Due to numerous security issues, interviewees all advised against blindly deploying or using “lobsters” by ordinary users, as the technology and security systems are still under development.
Tian Lihui pointed out that this technology is still in the “laboratory stage,” not yet meeting the safety standards of consumer-grade products. If research purposes require experimentation, the “sandbox principle” should be followed: use completely isolated dedicated devices, configure credentials with the principle of least privilege, and strictly audit AI behavior logs. Before regulatory frameworks and technical standards are fully established, the best approach is to “observe” rather than “enter.” Respect for unknown forces may be more important than the courage to explore.
Angel investor and senior AI expert Guo Tao also told reporters that if netizens want to try “raising lobsters,” they should focus on: permission control, building isolated environments with sandbox and container technologies; command auditing, establishing input whitelist mechanisms to prevent prompt injection attacks; plugin governance, only using function modules from official channels to avoid malicious code; vulnerability response, tracking CVE (Common Vulnerabilities and Exposures) information in real-time, updating security patches promptly to reduce exploitation risks. For enterprise users, establishing security and compliance systems, clarifying usage scenarios and responsibilities is also necessary.

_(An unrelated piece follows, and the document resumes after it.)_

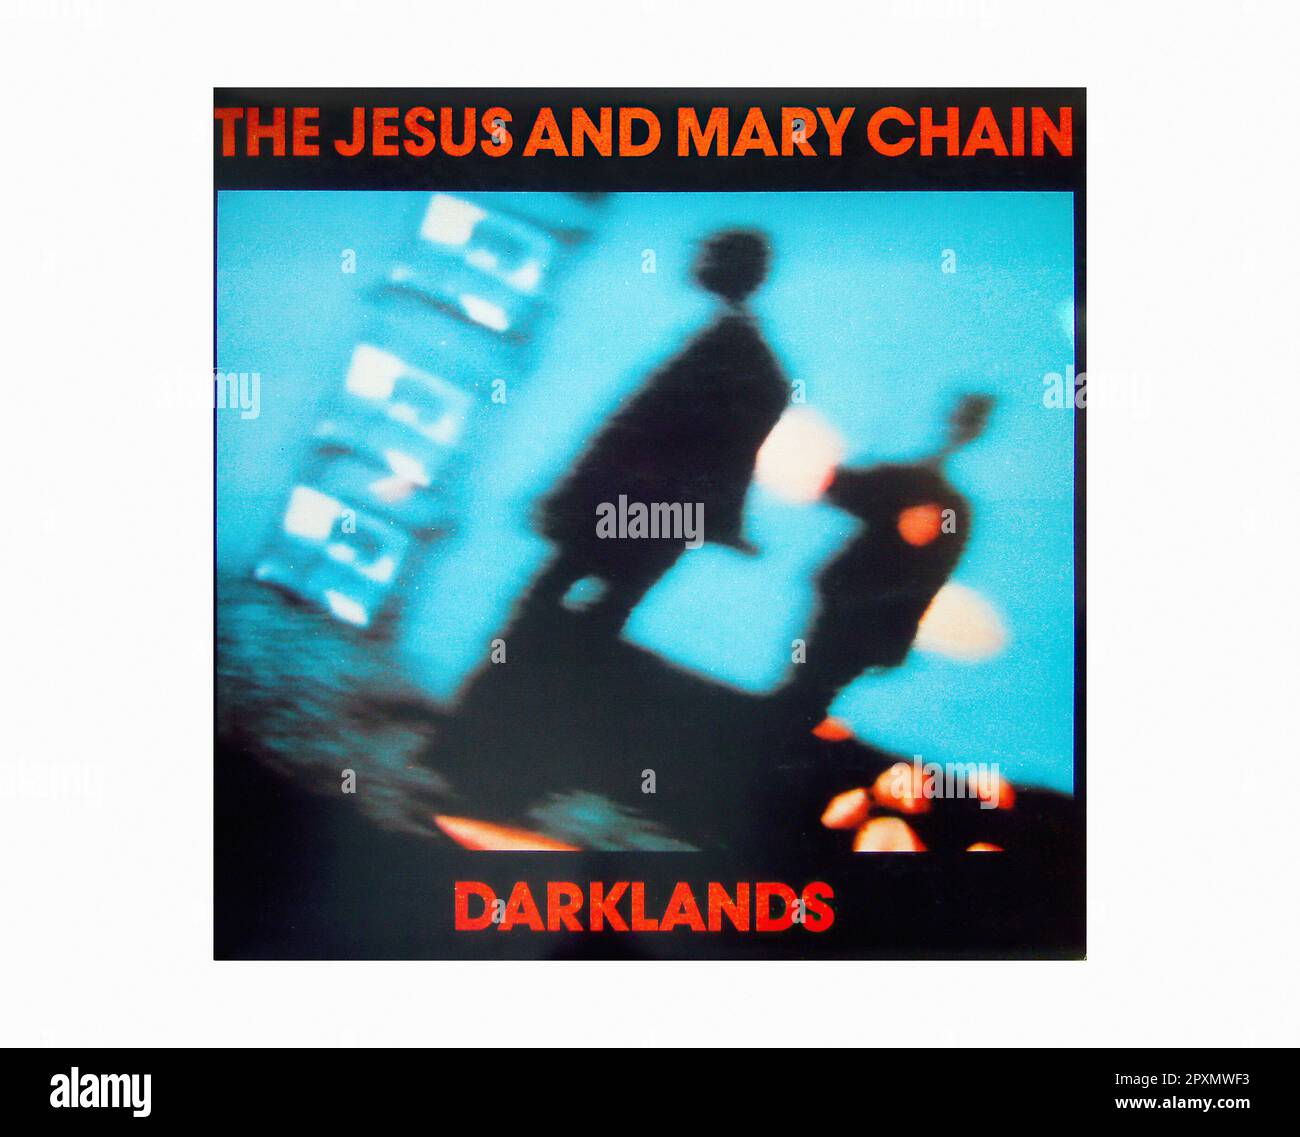 The Jesus and Mary Chain - Darklands [1987] - Vintage Vinyl Record Sleeve Banque D'Images

“From a broader perspective, the rapid rise of OpenClaw reflects the major trend of AI from ‘dialogue’ to ‘execution,’ but its security challenges also highlight the importance of AI governance. As technology matures and regulatory frameworks improve, AI agents are expected to play a greater role in a safer environment. But at this stage, users need to balance technological innovation with risk management,” Zhang Siyuan said.
From an investment perspective, Bi Mengran also advised ordinary investors not to blindly follow the “lobster” concept stocks. She stated that currently, “lobster” is still in the application exploration stage of AI iteration, with prominent security risks and less-than-expected commercialization. The short-term hype is mainly driven by capital speculation, and long-term investment value remains to be seen.